On the Importance of Political Line
A California comrade who has long thought we should do an issue criticizing the rcp=u$a writes:
I disagree with MIM however on one fine point in the article where you state that "many still see the rcp=u$a as representing Maoism because their populist politics gives them a greater public face in many areas (inside u$ prisons is one exception to this)." Do you mean to imply that the rcp doesn't hold much sway in u$ prisyns because the masses here know better? If this is the case then I would say no, they do appear to at the very least to have some kind of foothold in CA prisyns.
I've noticed more people than there used to be are familiar with the rcp's rag, but not many. Some even spew their distractionist rhetoric. Of course I debate them but there's only so much that can be said to those who already believe avakian to be the "great man of hystory."
Since the upcoming ULK will be centered on strategies & tactics, the exposing of the rcp's counterrevolutionary activities might be able to play some kind of role. They must be beat back to the hole from which they came! I hypothesize that the rcp is siphoning off many potential revolutionaries from inside the prisyns. Might this be MIM's assessment as well? The deadly rcp strategy of substituting eclecticism for dialectics is I believe at the heart of their strength and success. Would you agree?

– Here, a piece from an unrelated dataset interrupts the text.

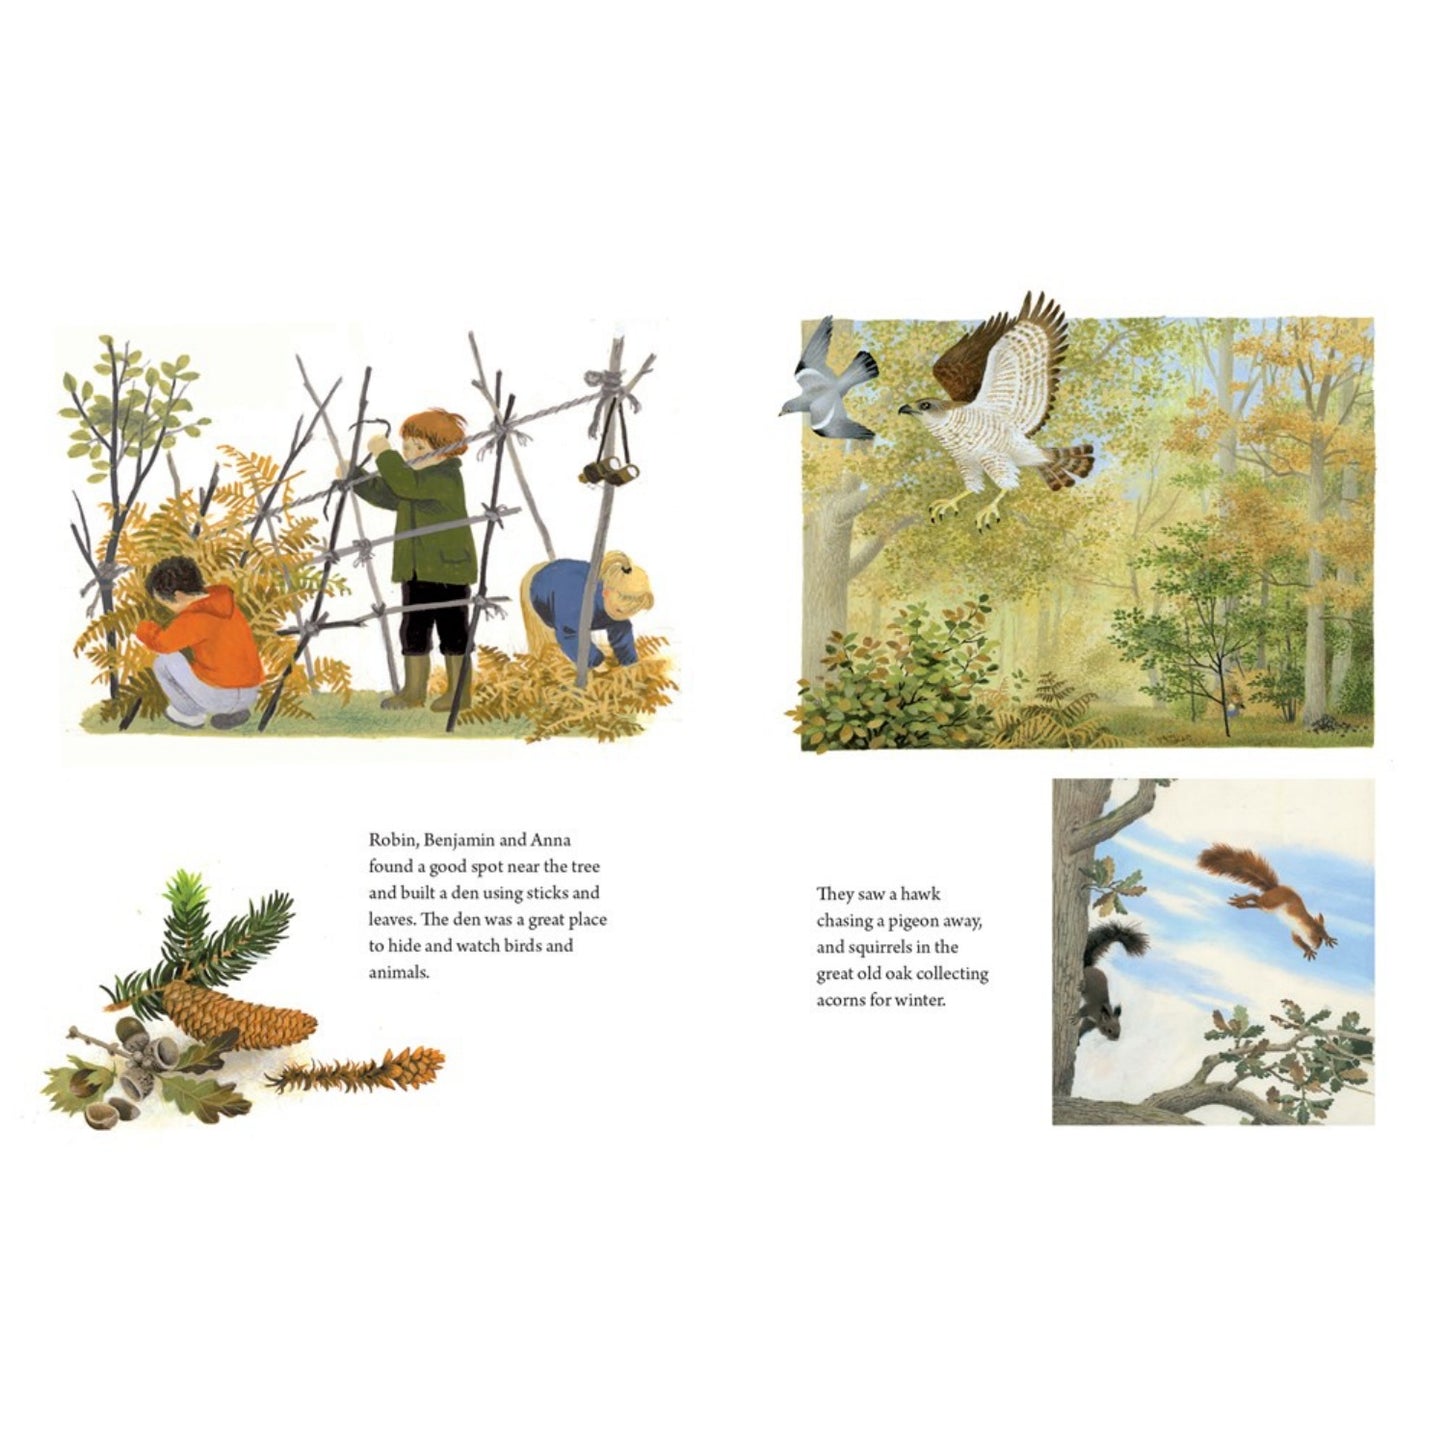 A Year Around the Great Oak | Gerda Muller | Hardcover | Children’s Book on Nature

A Missouri comrade also responded:
I wanted to briefly respond to something that comrade Wiawimawo said in the article Revisiting RCP Revisionism in ULK 12. The comrade said many of the readers of ULK are not grappling with the questions facing Maoism today. And those that cannot distinguish Maoism from right opportunism of groups like the rcp=u$a have not yet grasped it.
I am not refuting what this comrade said, I just want to say that a lot of the readers lack the information and some have never been involved in revolutionary activity. We would hope that comrades would become inspired from reading ULK to go on to study harder and learn faster. But again, there is a lack of authentic material. I have quite a bit of material and none from the rcp=u$a, so even I can't really argue against their line when I haven't read shit they've wrote. I haven't seen a Revolutionary Worker or Worker's World in years. The same for the Burning Spear.
At the same time, it is on us to teach those who will listen and I believe that ULK is doing a tremendous job and the Book to Prisoners Program is also a great resource.
In the last couple years, MIM(Prisons) has stepped in to re-establish the prevalence of Maoist literature available to the prison movement. This came after years of inconsistency as the Maoist Internationalist Party - Amerika degenerated. The need for this literature is clear from this discussion. So supporters who can provide money or other resources to expand this work should reach out to us.
We agree with our CA comrade about the importance of combating revisionism as part of building a strong movement. While the author of that article was lamenting the need to spend time on such work, it would be idealist to expect otherwise. However, as our MO comrade points out, most of our readers are not familiar with the rcp=u$a anyway. To focus an issue of our newsletter on them would give undo attention to the topic. An issue reviewing many different political lines would be more useful, as most readers will find lines that they have come across.
We do not believe that the prison masses know better than to follow the rcp=u$a, that is why we thought it important to print that review. We do believe that MIM has had much more influence on the prison movement, despite its weak points. So MIM Thought is more likely to be identified with Maoism inside prisons than on the streets in the united $tates where rcp=u$a will be.
And yes, we agree that rcp=u$a eclecticism serves its popularity. Even among prisoners, the hard line of MIM loses us many friends. But we aren't looking for friends, we're looking for real allies who will stand strong for the revolutionary road.
The point made by Wiawimawo was not to say that you must understand the difference between MIM(Prisons) and rcp=u$a in particular, but rather that you must understand why the MIM line is correct in general. If you don't you will fall for the eclecticism of rcp=u$a or any other snake oil salesman that comes along.
Certainly, rcp=u$a is recruiting people who might have otherwise worked with the Maoist movement. That could be said about a number of groups out there. But we aren't too worried about that. We are confident in our political line, which makes us strong. Other groups will come and go, or if they have state funding they will stay and stagnate. But only the correct ideological line can build a new prison movement that has real power.